It’s because of all those days I spent drinking diet sodas filled with aspartame as a child. Eek.
Lucky for me, every ingredient company worth their sugar wants to help me out. As I walked the floor of the IFT Expo in Chicago recently, and zigzagged past all the food ingredient companies, it seemed every single one of them was trying to get me to eat something sweetened without sugar.
And all of them were promising me that their product was better, more amazing and had less after taste than fake sugar of days gone by.

Roquette

It all started innocently enough at the Roquette booth.
They had a xylitol chew, and a sugar-free, chocolate-coated coffee bean.
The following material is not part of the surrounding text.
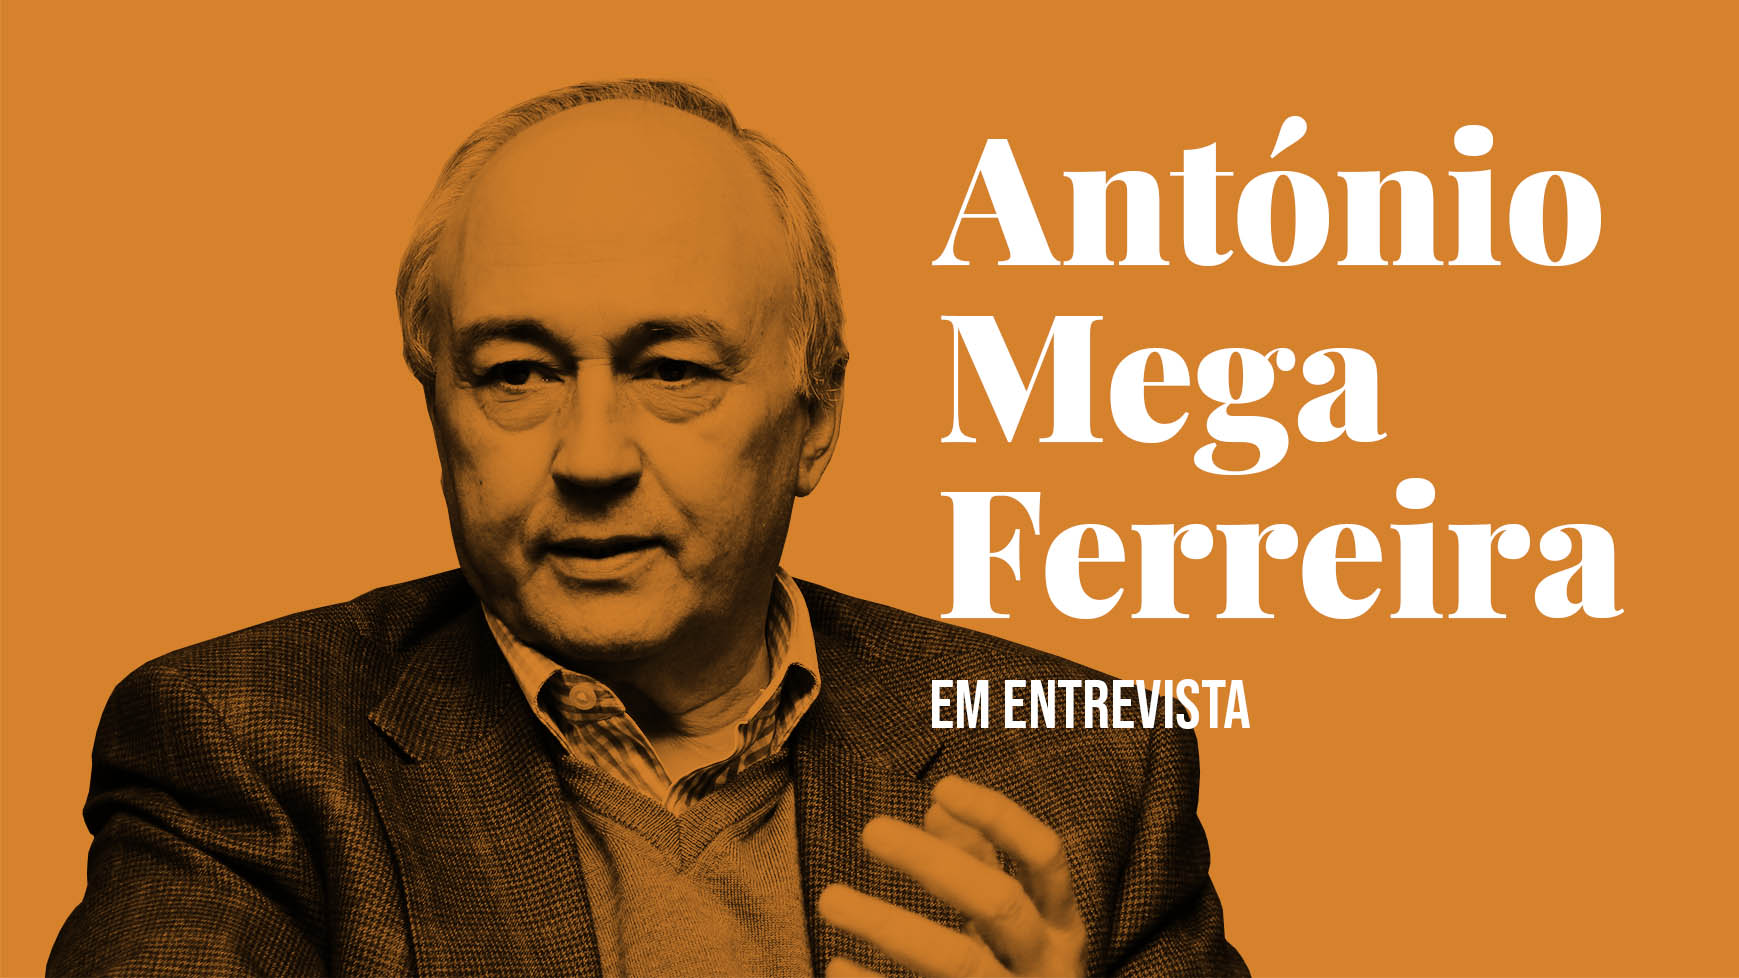 António Mega Ferreira em entrevista # 1/2 — «Toda a opção política deve obedecer a uma visão cultural»

Xylitol, and sugar-free — where’s the fun in that?
The package of the xylitol chew was a little more fun than the handout, touting a “sugar-free chewy candy ice cream cooler.”
I like ice cream. Maybe it’s not so bad.
Thomas E. Parady, Roquette’s associate program coordinator for food and industrial applications, says the xylitol helps them achieve the cooling factor. And then he kept assuring me that I would barely notice that it was sugar-free, and that really I should just try it. Seriously, I just needed to try it.
So I did. And, well, it wasn’t horrible. In fact, I have say it was actually sweet and there wasn’t an aftertaste.
As for the coffee bean — which was made with Sweet Pearl, “the maltitol by Roquette” — I have to confess that the flavor profiled was completely dominated by the coffee bean. If you’re going to change chocolate’s ingredient’s, mix it with something dominant like coffee and nobody will be able to figure it out.

Tate and Lyle


 After I had my morning burst of caffeine, I went to a tasting tour at the Tate and Lyle booth.
They started out with a seriously delicious truffle oil-flavored popcorn seasoned with Soda-lo salt microspheres, which reduced the sodium.
And then, bam, right after that, they were trying to get me to drink some fake sugar. They were serving up cute, little green Mojito Mocktails, sweetened with Splenda sucralose and decorated with candy limes.
Definitely something I never would have ever tried on my own, but I admit that I didn’t hate it. And with just 10 calories I might have even liked it. Hardly any aftertaste and I loved the lime. Obviously the only improvement would have been to add alcohol.
Afterwards, I got a sneak peak at a few items in a back room. It was all very food mafia-like, but in a way that made me feel special.
And that’s when the moment of truth came. They showed me a chocolate featuring a reduced-sugar, caramel truffle filling.
Claiming to reduce the sugar by 90 percent and the total calories by 40 percent and be “great tasting,” it was made with Splenda sucralose and Promitor soluble corn fiber.
Credit where credit’s due, I do not remember an aftertaste. What I do remember is that the texture wasn’t quite right for a truffle.

Pure Circle

And therein lies one of the major problems with fake sugars — how do you substitute them in recipes?
I had a chance to talk about just that very thing with John Martin, from Pure Circle, a company that specialized in stevia.
I found the company after I walked over the booth to taste some sugar-free meatballs and marinara sauce. And I have to say, the savory folks don’t know how easy they have it. They had a marinara made with sugar out to compare against, and you really could not tell the difference.
Alas, chocolates aren’t so easy. And Martin would know. He came to Pure Circle after working for Farley and Sathers and then the Ferrara Candy Co. after the merger.
As Martin explains, stevia, for example, is about 400 times as sweet as sugar. The problem is that sugar usually adds bulk to a recipe, so something has to be added in to make up the difference.
That’s where a lot of companies are turning to fiber, which can work as a bulking agent. And, if companies are using stevia in an effort to use all-natural ingredients, the fiber can help them with that as well.
Martin’s company offers a Pure Circle University, where they train manufacturers on how to best use stevia. Roquette also offers Roquette University, and they have similar classes where they help companies navigate not only sugar-free options, but all sorts of health and wellness ingredients.
In the end, it seems every ingredient company knows that all any consumer really wants is to eat the food they love without feeling guilty or sacrificing taste. In other words, zero-calorie food that tastes like it’s got 33 grams of sugar in it.
As each year goes by, the ingredient companies get closer to making that a reality. Now they just have to teach consumers like myself that they’re actually achieving it.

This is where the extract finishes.